CaptainMyCaptain · 28/11/2024 20:05

godmum56 · 28/11/2024 19:56

Are you a member of any of the facebook allotment or gardening groups? I have seen it for sale on there, not very expensive but usually needs to be collected.

No. I'm not but I might look for it now. Thanks.

CaptainMyCaptain · 28/11/2024 20:11

I've had a quick Google and it seems to help if you live near Kidderminster because its made of carpet waste.

TheGretaGarboHomeForWaywardBoysAndGirls · 28/11/2024 20:18

Jinglingandmingling · 28/11/2024 17:52

We have a scrap metal van that drives slowly past playing a loud recording of ‘Any Old Iron’

Our scrap metal man sings it !

DinnaeFashYerself · 28/11/2024 20:18

I still use shorthand every single day of my work!
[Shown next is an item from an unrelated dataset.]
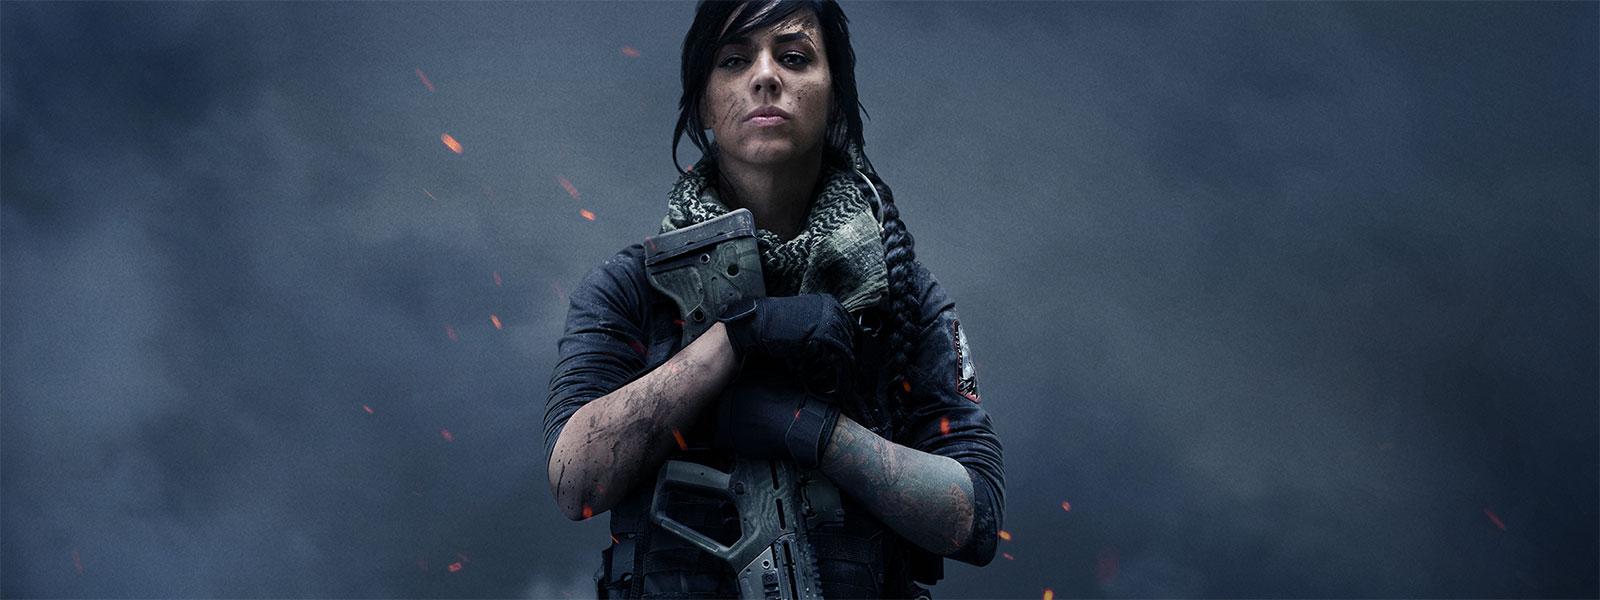 Female character holding a gun

I’m 57, and while I doubt I’m at 120wpm speed any more, it’s still effective and useful.

TheGretaGarboHomeForWaywardBoysAndGirls · 28/11/2024 20:20

OnlyinBlackandWhite · 28/11/2024 15:38

The whipping boy might be an urban myth, but fagging, as in having younger boys 'fag' for you (do menial tasks, sexually abused often) was common in public schools, students vied to be the 'fag' of the most popular boys as a form of status, but the downsides were hideous. As was the whole culture of beating boys anyway.

No wonder our country is how it is when those in charge of running it went to schools that endorsed this brutal system.